**WHAT IS EXPECTED:** Taking the entries below, transcribe only the lines starting with the one with "Cuba, La Habana, La" and going on through the one with "H+S Zwischensäule für Dübelplatte grün 0,8 m", exactly as written, without the pictures.

**RECORDS SHOWN:**
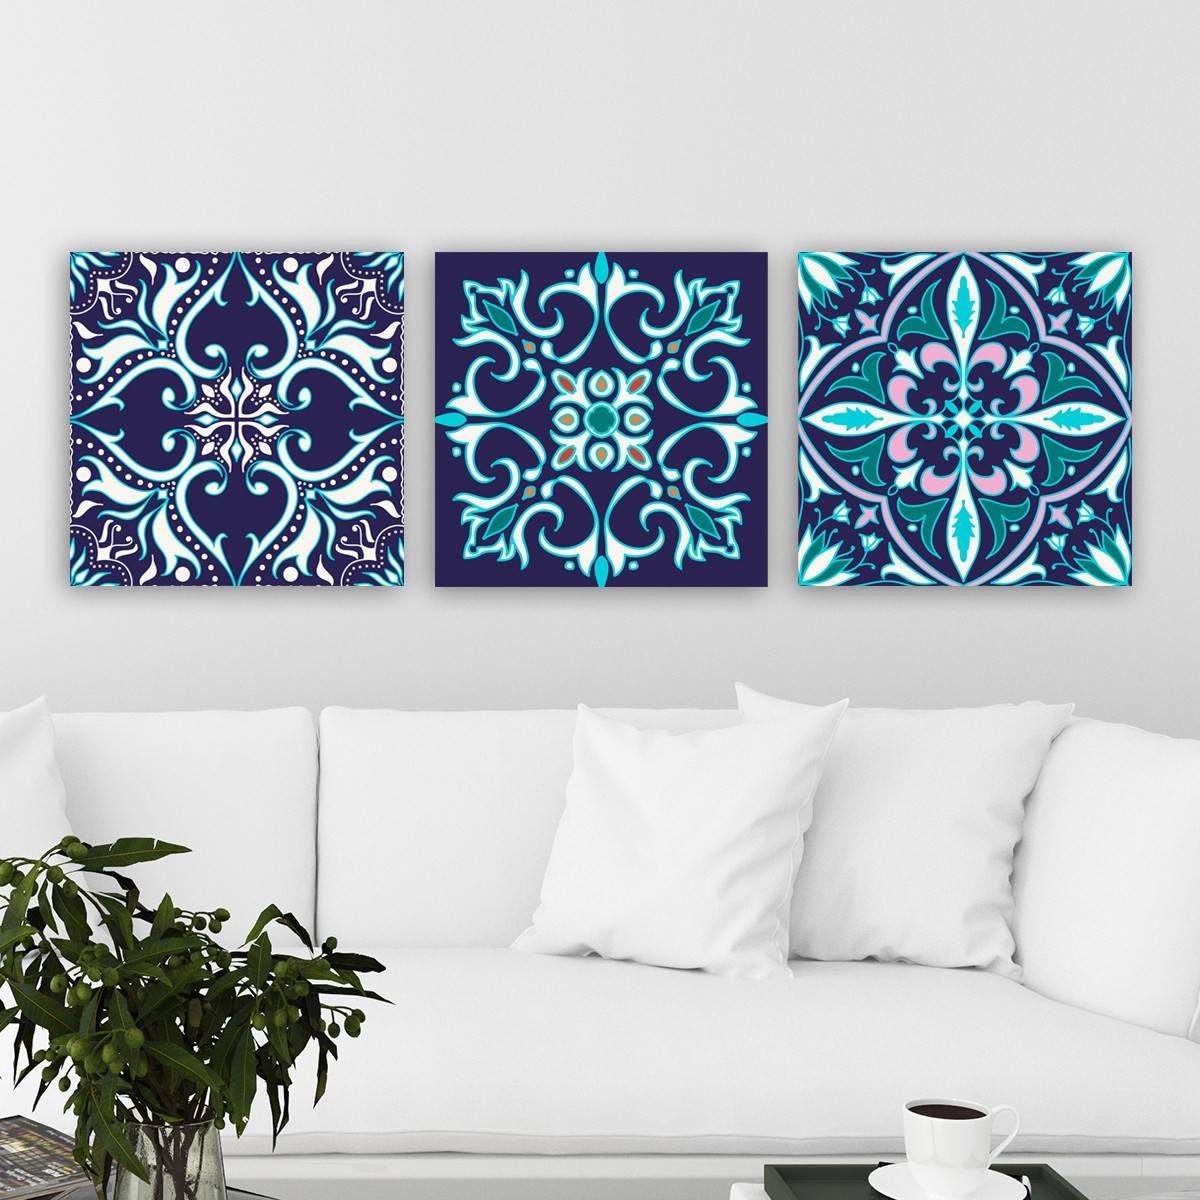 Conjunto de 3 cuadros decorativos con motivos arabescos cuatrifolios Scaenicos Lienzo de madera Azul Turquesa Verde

--

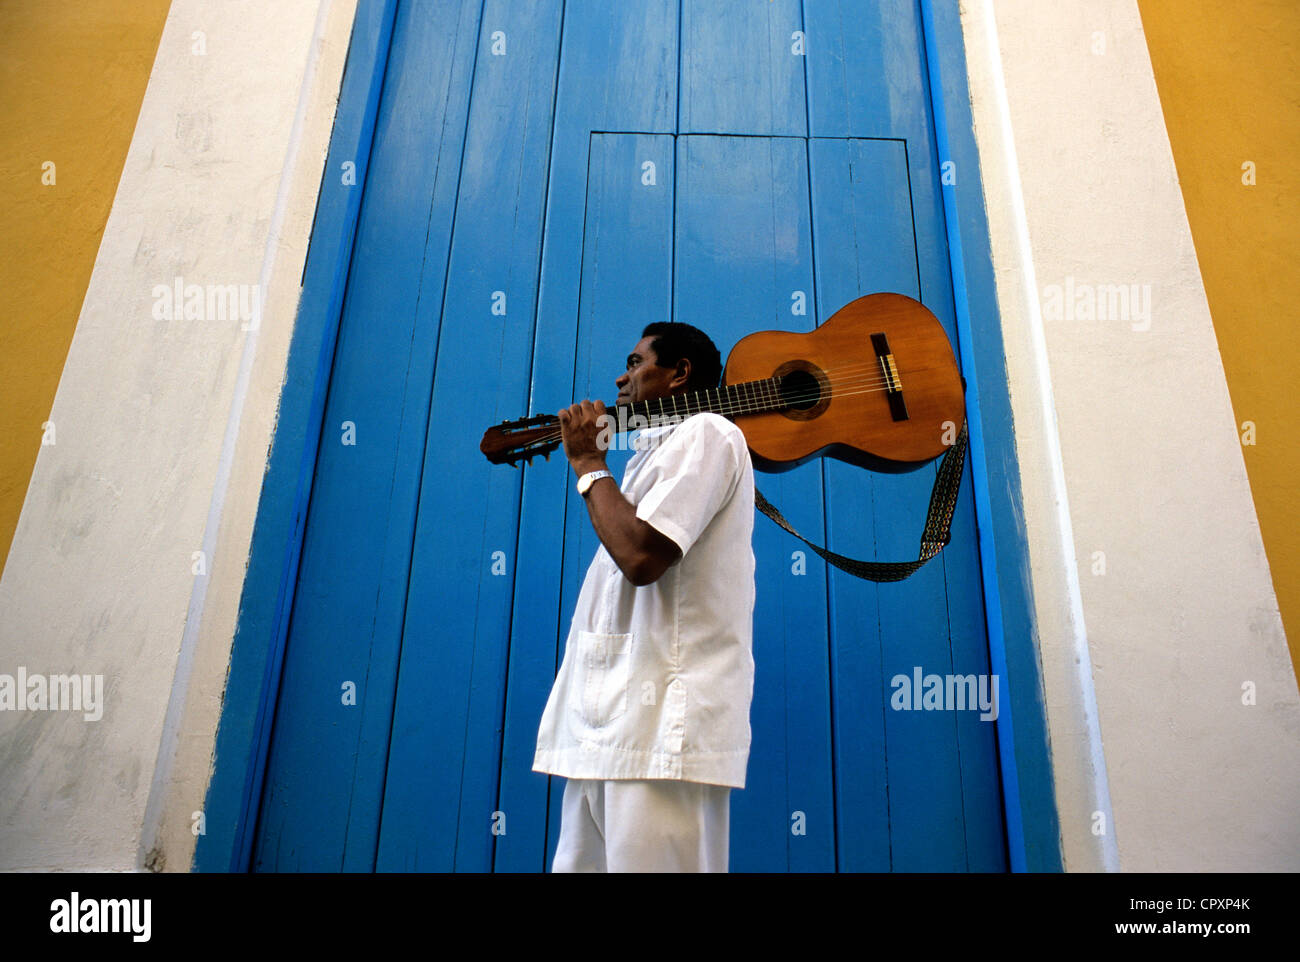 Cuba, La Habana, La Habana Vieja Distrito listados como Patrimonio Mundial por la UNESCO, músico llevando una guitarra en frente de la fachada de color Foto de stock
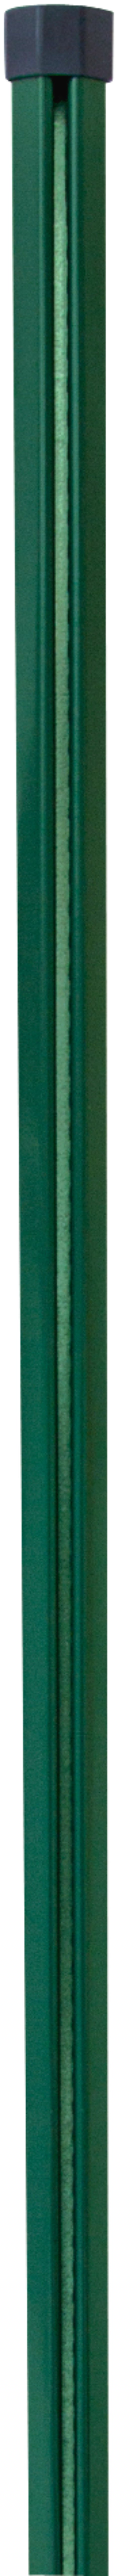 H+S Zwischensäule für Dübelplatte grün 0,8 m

==

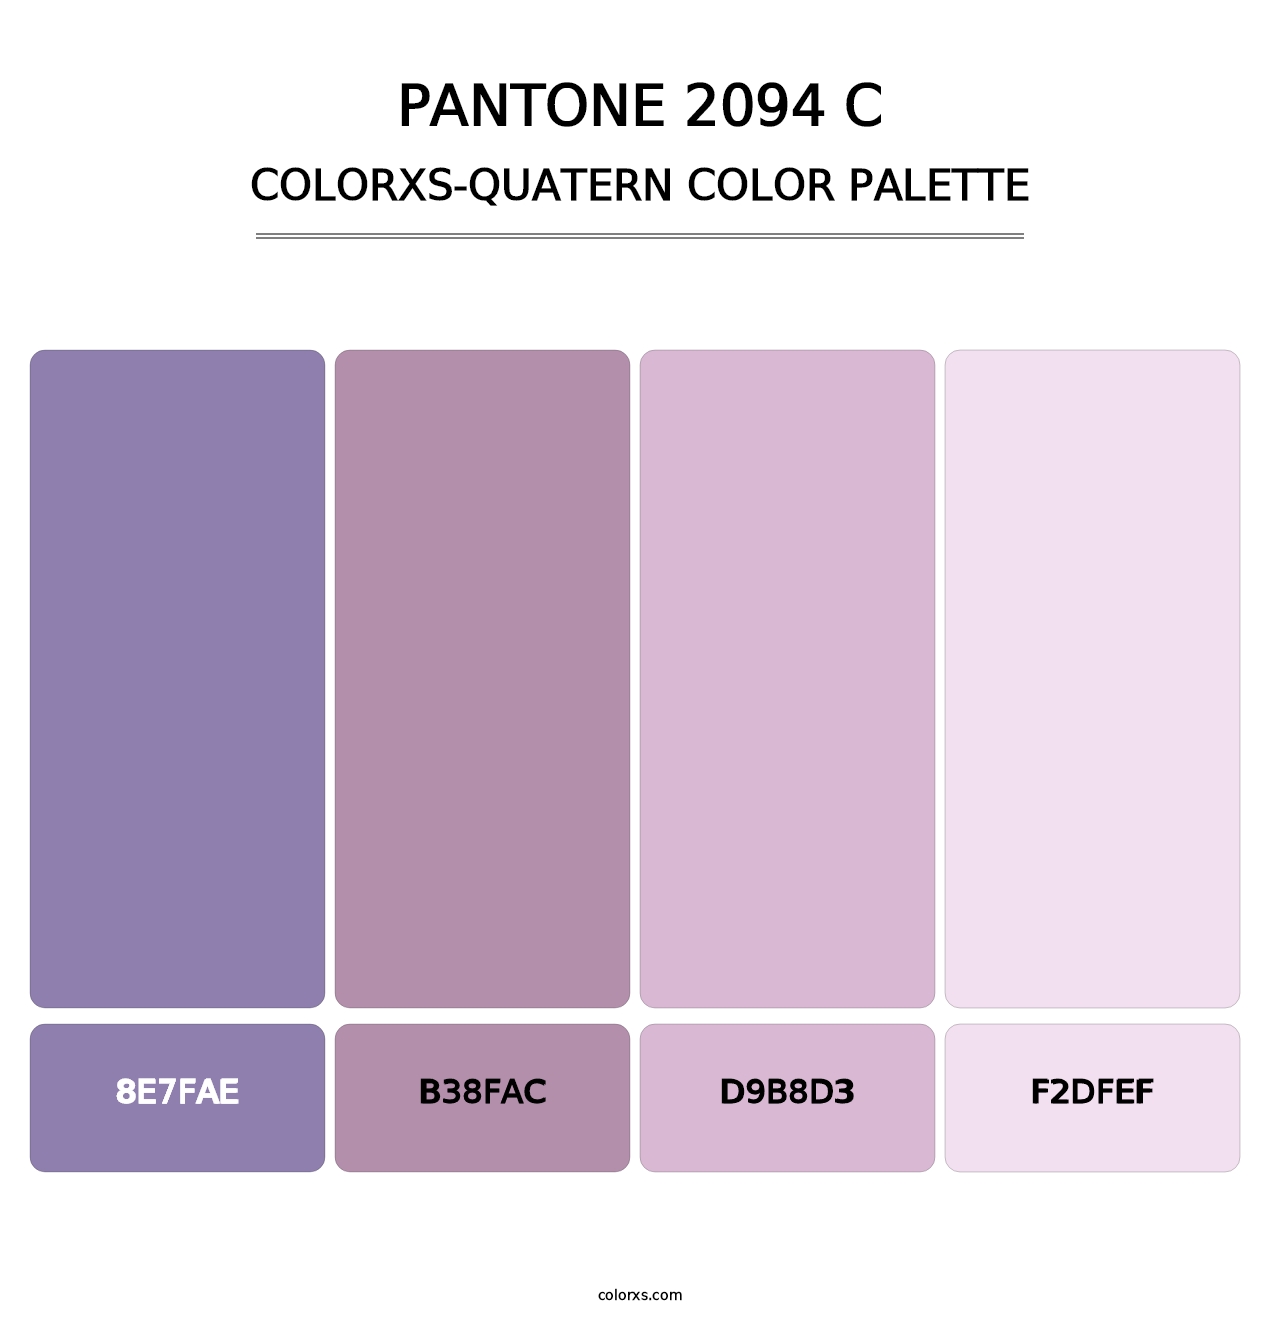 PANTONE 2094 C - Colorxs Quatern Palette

**RESPONSE TO THIS TASK:**
 Cuba, La Habana, La Habana Vieja Distrito listados como Patrimonio Mundial por la UNESCO, músico llevando una guitarra en frente de la fachada de color Foto de stock
 H+S Zwischensäule für Dübelplatte grün 0,8 m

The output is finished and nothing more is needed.